Bertrand Bonello, tout en reprenant « La Bête dans la jungle » d’Henry James et en suivant les traces de « L’année dernière à Marienbad » d’Alain Resnais, voit son scénario se dérober à mi-chemin.
Bertrand Bonello, réputé pour son originalité et sa maîtrise de la mise en scène, offre une nouvelle perspective à un court roman d’Henry James en le faisant basculer aux confins du surnaturel. Le protagoniste masculin de l’œuvre originelle devient une femme (incarnée par Léa Seydoux) et la durée de l’histoire s’étire à travers de nombreuses existences passées. Disponible dans les salles de cinéma depuis le mercredi 7 février, La Bête suscite l’intérêt mais peine à tenir toutes ses promesses jusqu’à la fin.
En l’an 2044, dans un monde où les intelligences artificielles font partie du quotidien, les sentiments humains y sont indésirables. Pour s’en délivrer, Gabrielle (interprétée par Léa Seydoux) est contrainte de revisiter ses vies passées dans le but d’épurer son ADN. Au cours de chaque régression, elle retrouve Louis (joué par George MacKay), son éternel amour, tout en redoutant continuellement l’arrivée d’un désastre imminent.
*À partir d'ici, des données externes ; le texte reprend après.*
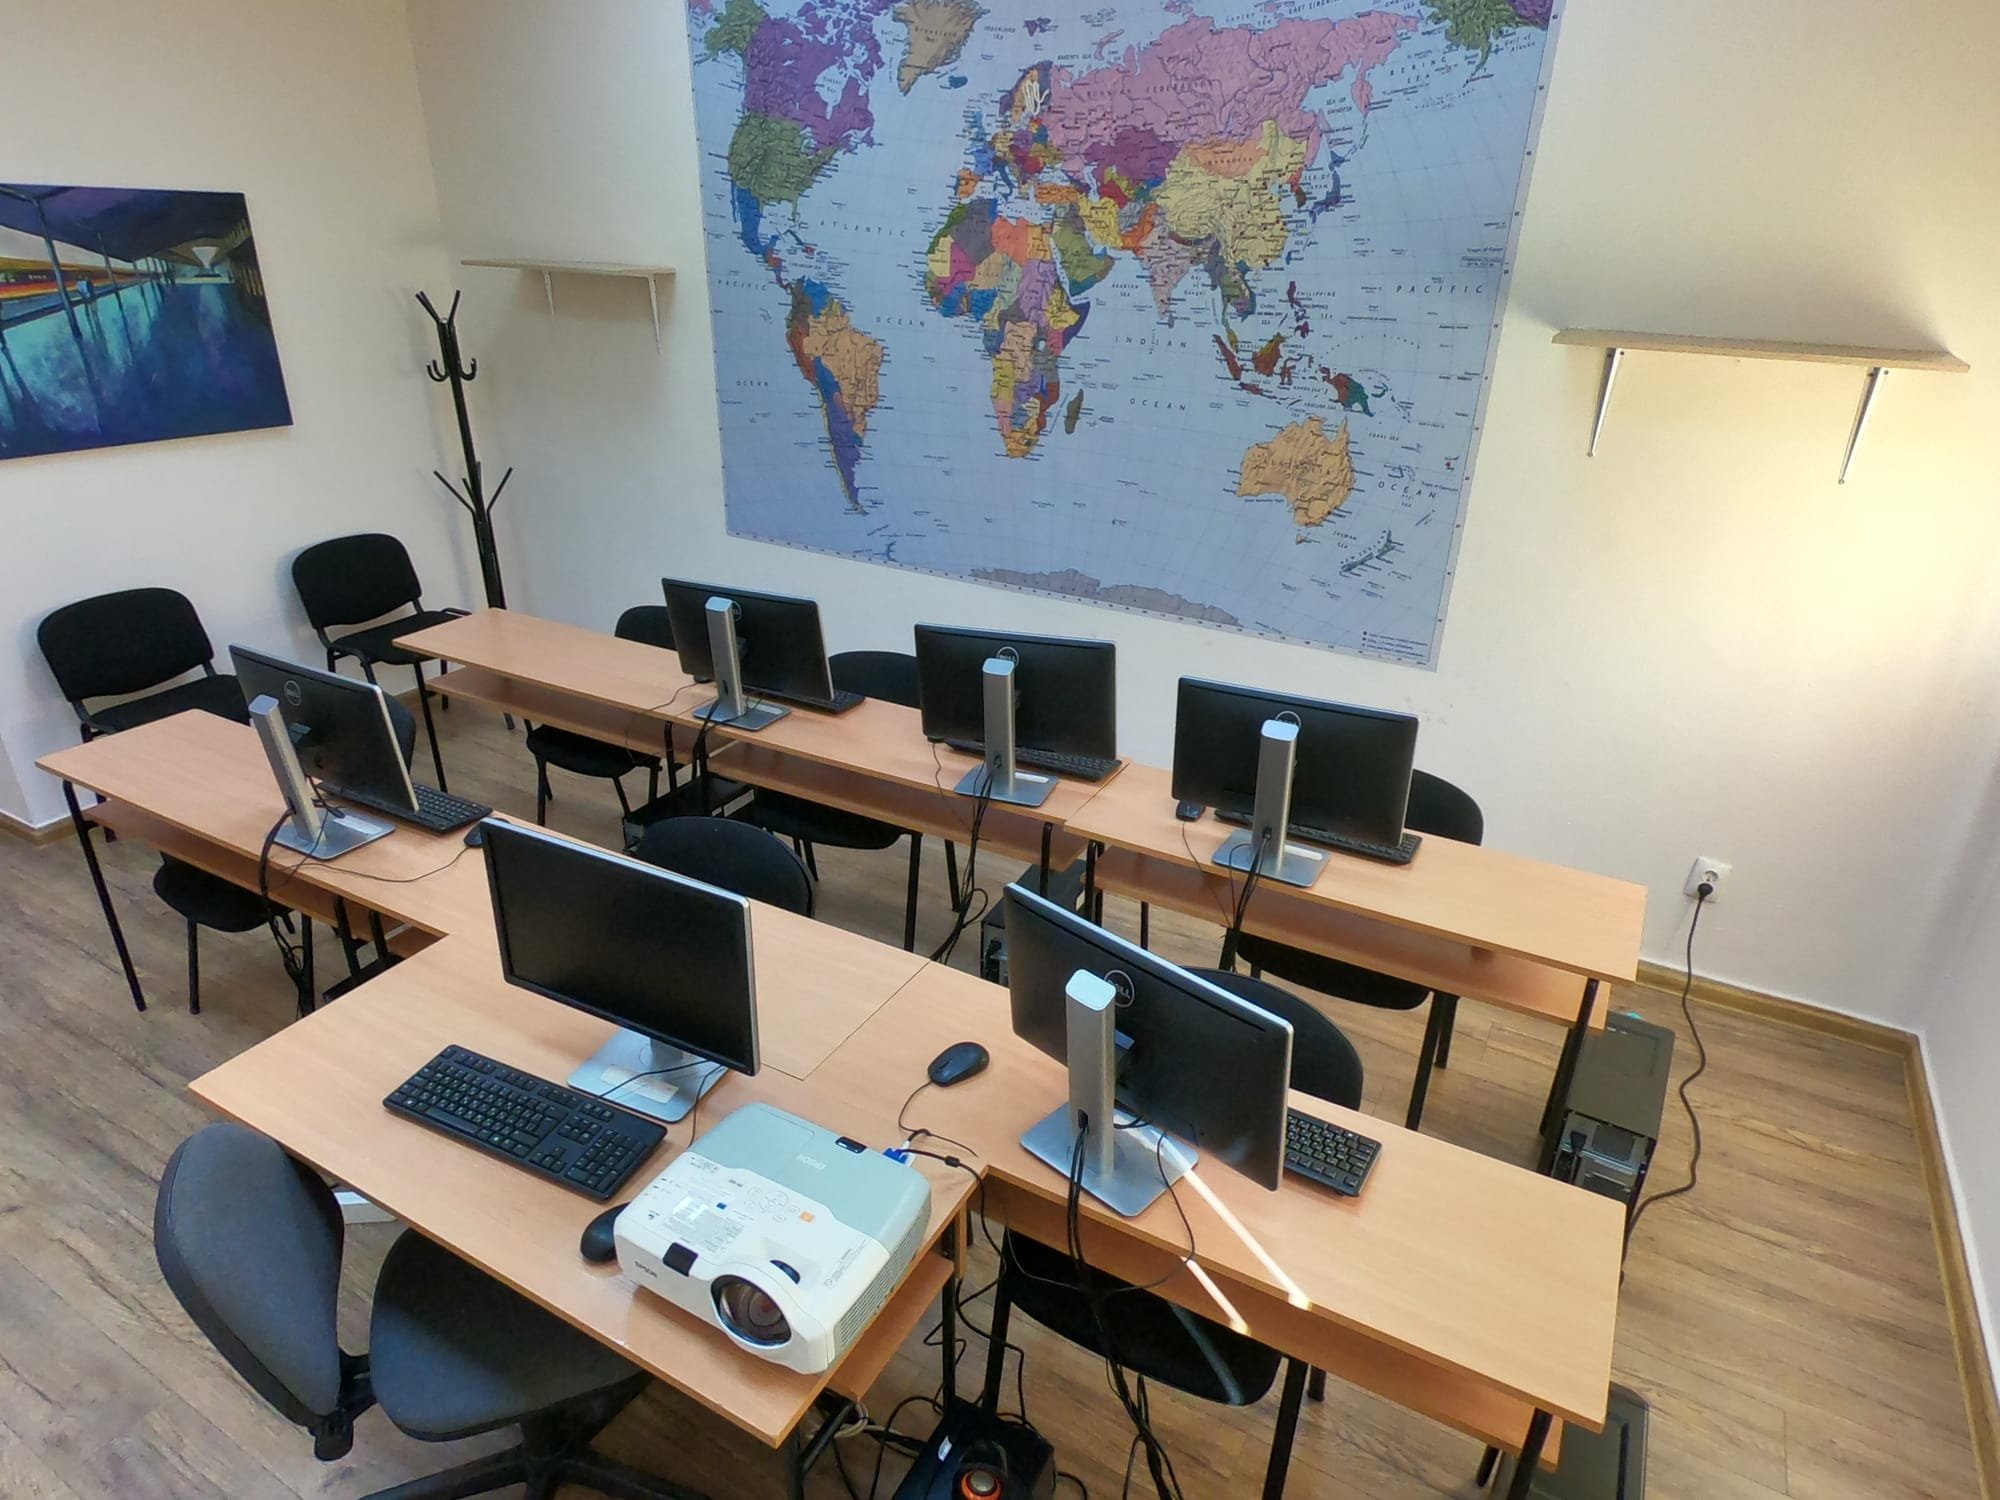 ЧСБУ „Талантите“ посреща първия учебен ден с обновени класни стаи

En s’appropriant le roman d’Henry James, Bonello en propose une version futuriste. Sa vision de la science-fiction n’est pas sans rappeler celle de David Cronenberg. Ils partagent des thématiques communes dans La Bête : le corps, la métamorphose, la sexualité, les émotions. La présence de Léa Seydoux, aperçue dans Les Crimes du futur du réalisateur canadien, renforce encore davantage cette correspondance.
Un rythme en déclin
Bertrand Bonello use remarquablement bien du thème du temps, qui est central dans son film. Une séquence faisant référence à un dialogue de L’Année dernière à Marienbad d’Alain Resnais, place le récit dans un contexte de remémoration des souvenirs qui finit par se muer en une prison. Des scènes similaires se succèdent, avec les mêmes personnages, mais toujours différentes. Hantée par le pressentiment d’un désastre mystérieux, Gabrielle s’en approche progressivement, en en définissant de mieux en mieux les contours pour s’en libérer. Y arriver signifie s’adapter, mais cela ne met-il pas en jeu son intégrité, son identité même ?
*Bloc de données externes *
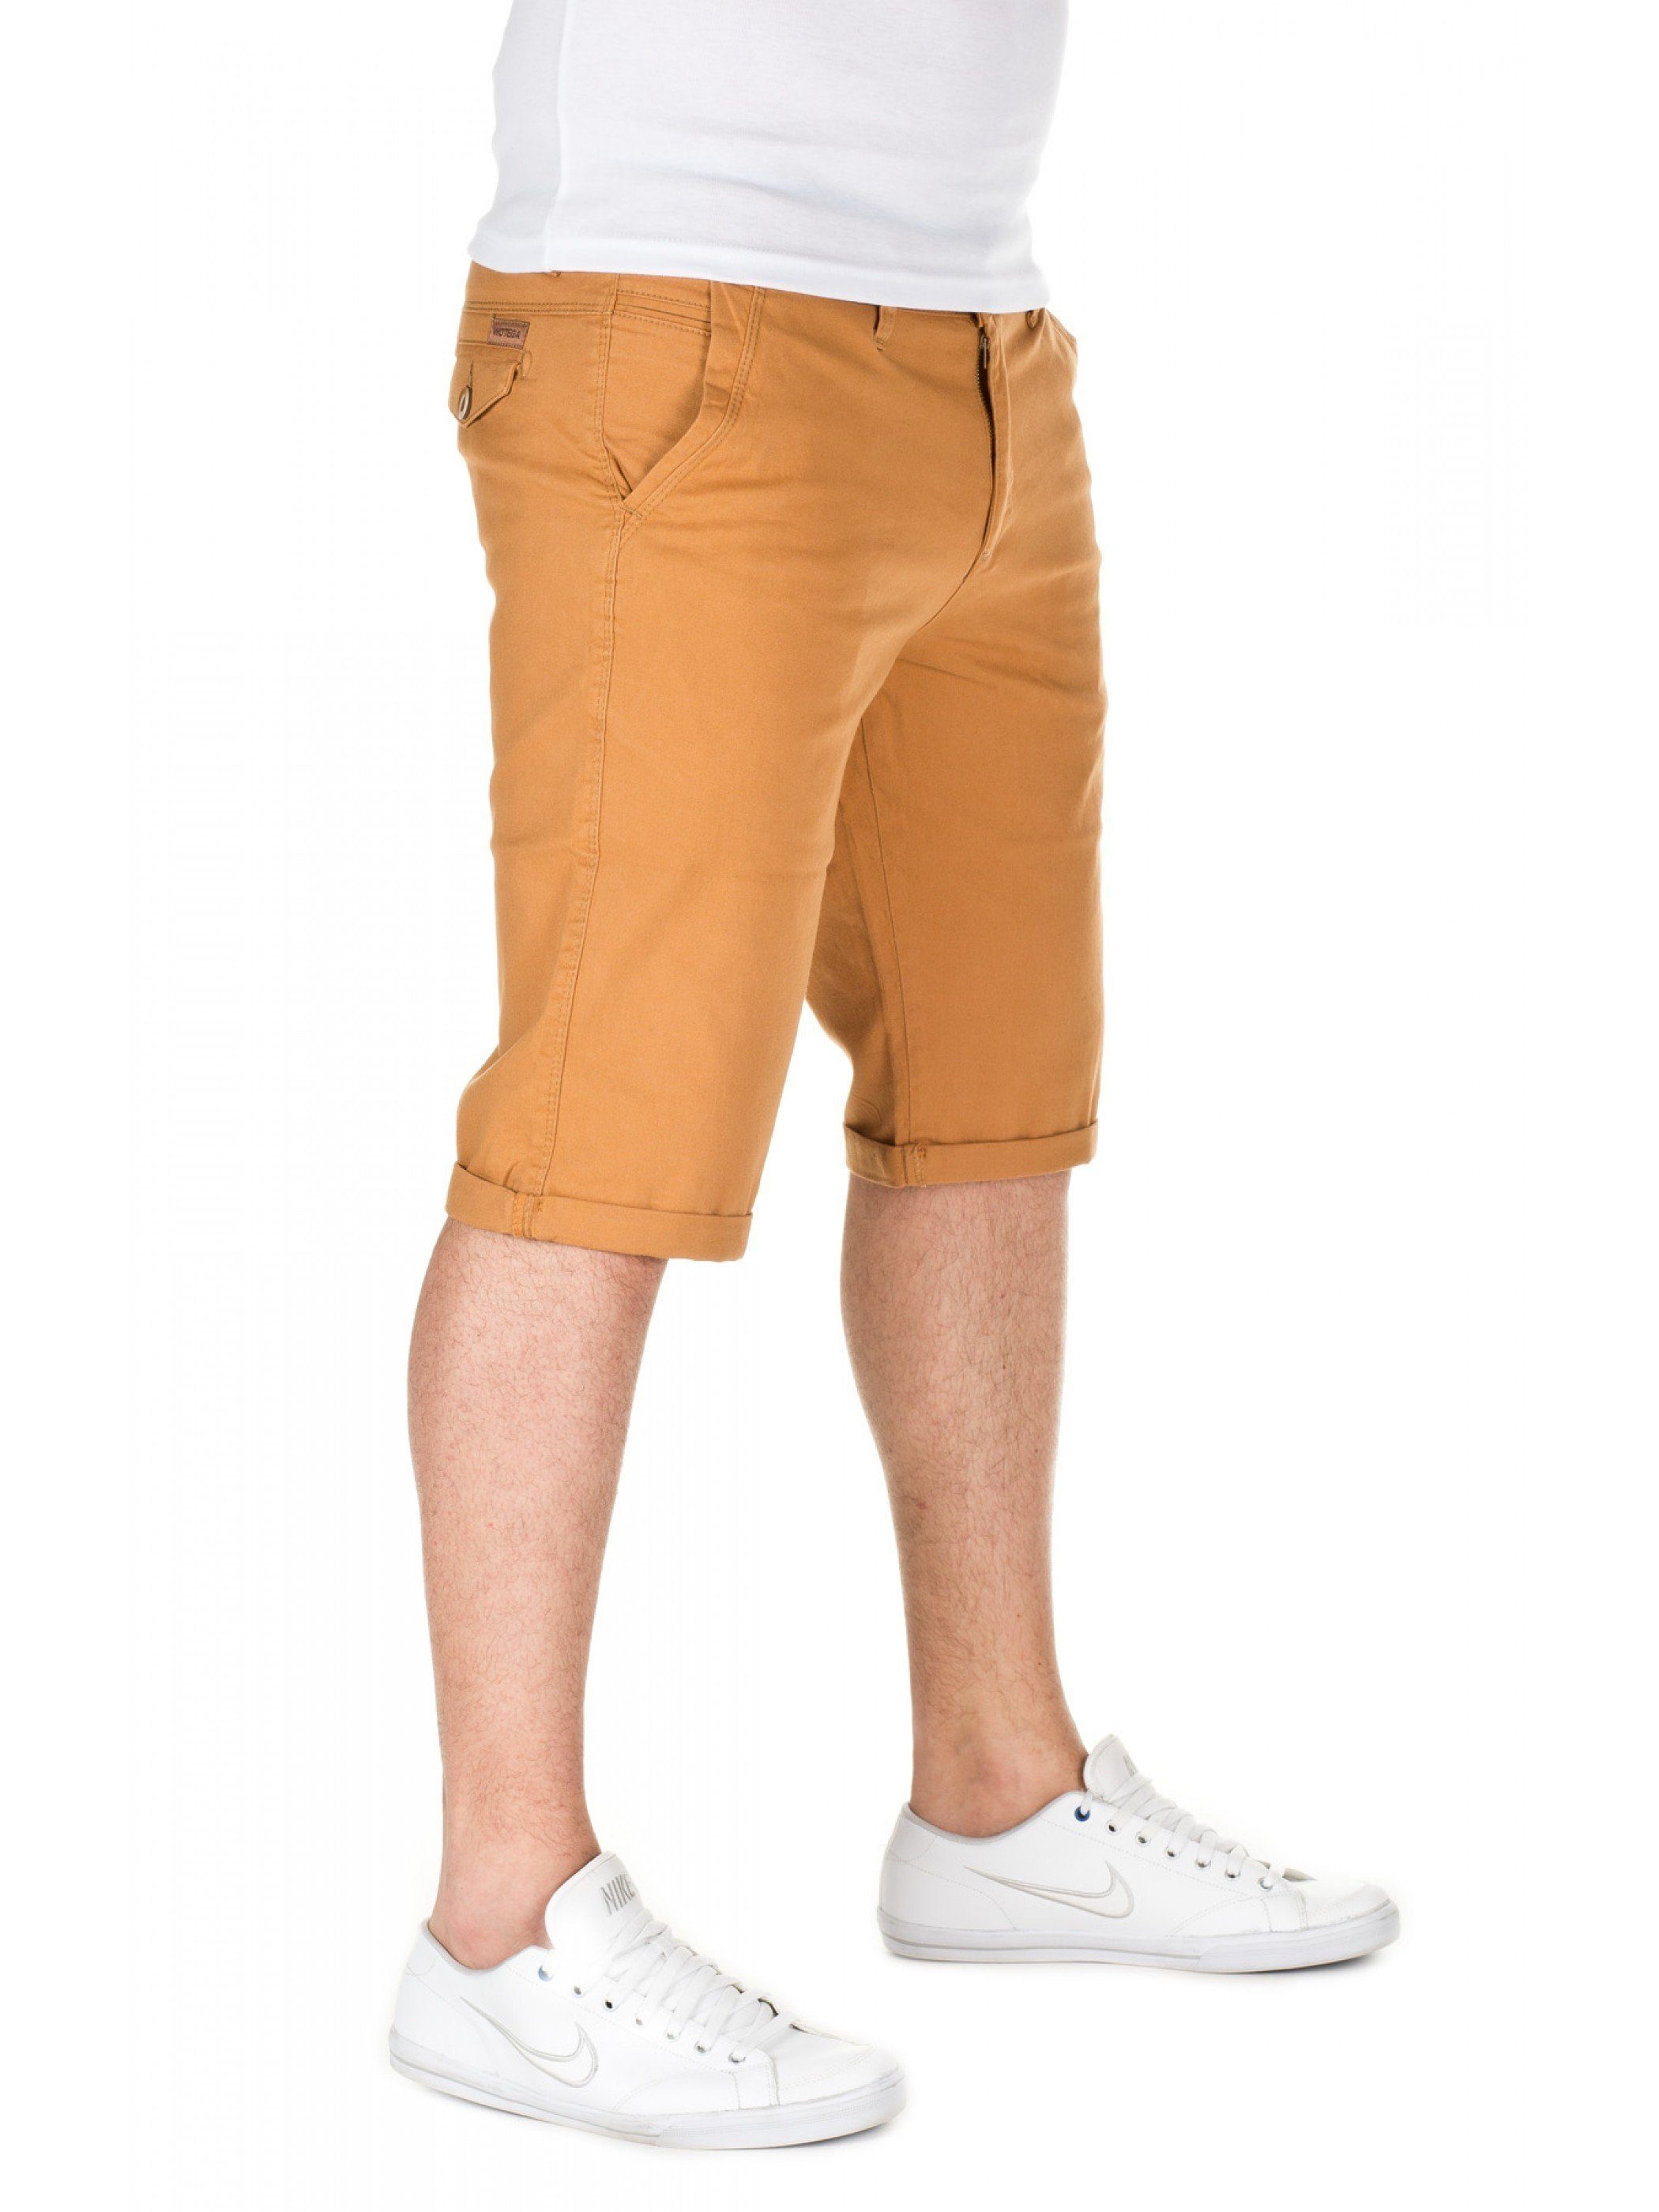 WOTEGA in shorts Goldfarben (mustard Shorts gold Unifarbe Alex Chino - WOTEGA 82295)

La Bête met en place ce bel agencement dans une première partie où les énigmes de l’intrigue et les paradoxes temporels fusionnent harmonieusement avec la réalisation soignée de Bertrand Bonello. Toutefois, malgré l’excellente performance de George MacKay et la pertinence du sujet choisi, le film souffre d’une certaine redondance dans sa deuxième moitié, perdant en intensité. Il devient déséquilibré, tourne en rond et perd son rythme, ressemblant plus à une version brouillon en cours de montage. Les 146 minutes du film deviennent alors pesantes, gâchant une réalisation qui avait commencé en beauté.
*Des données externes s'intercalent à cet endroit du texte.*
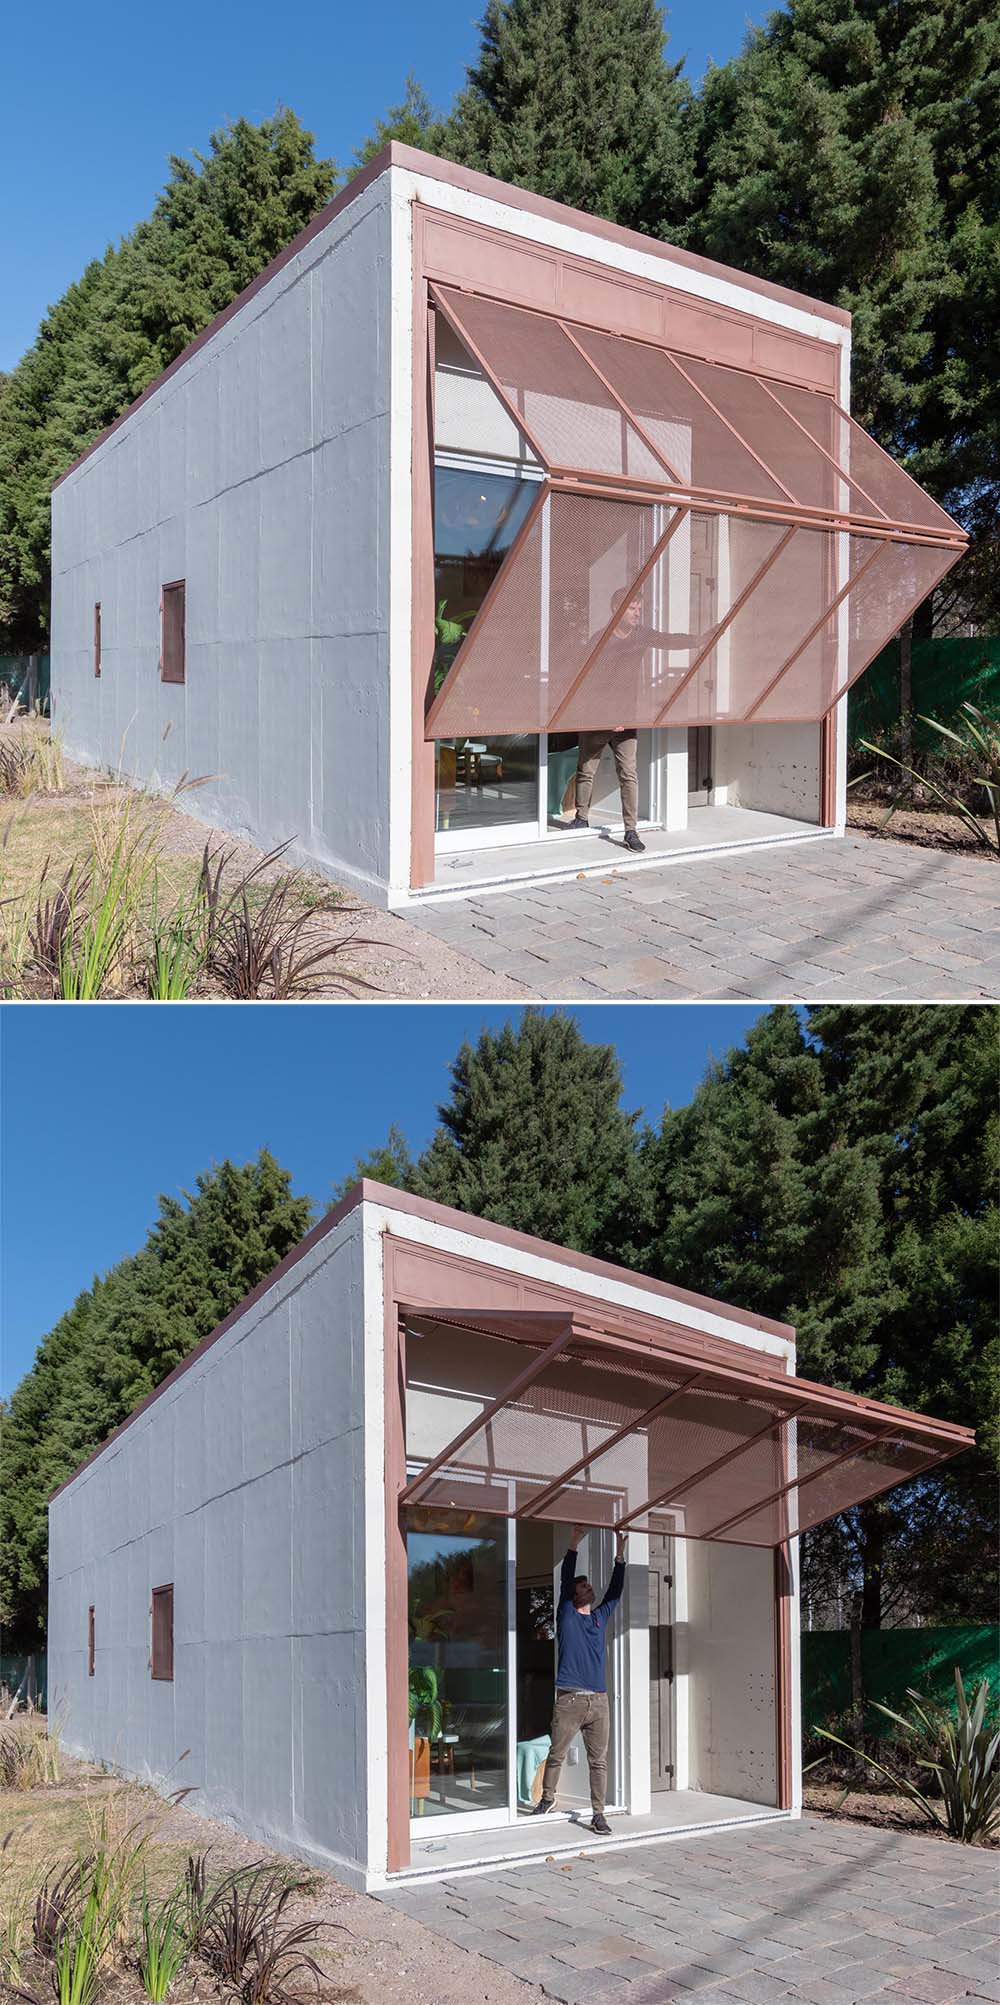 A modern precast concrete relocatable tiny home.

Informations supplémentaires
Catégorie : Drame / Science-fiction
Réalisateur : Bertrand Bonello
Acteurs : Léa Seydoux, George MacKay, Guslagie Malanda, Dasha Nekrasova, Elina Löwensohn, Julia Faure
Produit en : France
Durée totale : 2h26
Disponible depuis : 7 février 2024
Type de diffusion : Ad Vitam
Résumé : Dans un avenir proche dominé par l’intelligence artificielle, les émotions humaines sont considérées comme une menace. Pour les éradiquer, Gabrielle est contrainte d’assainir son ADN en revisitant ses vies antérieures. Elle y retrouve Louis, son amour véritable. Cependant, elle est envahie par l’inquiétude, pressentant un désastre imminent.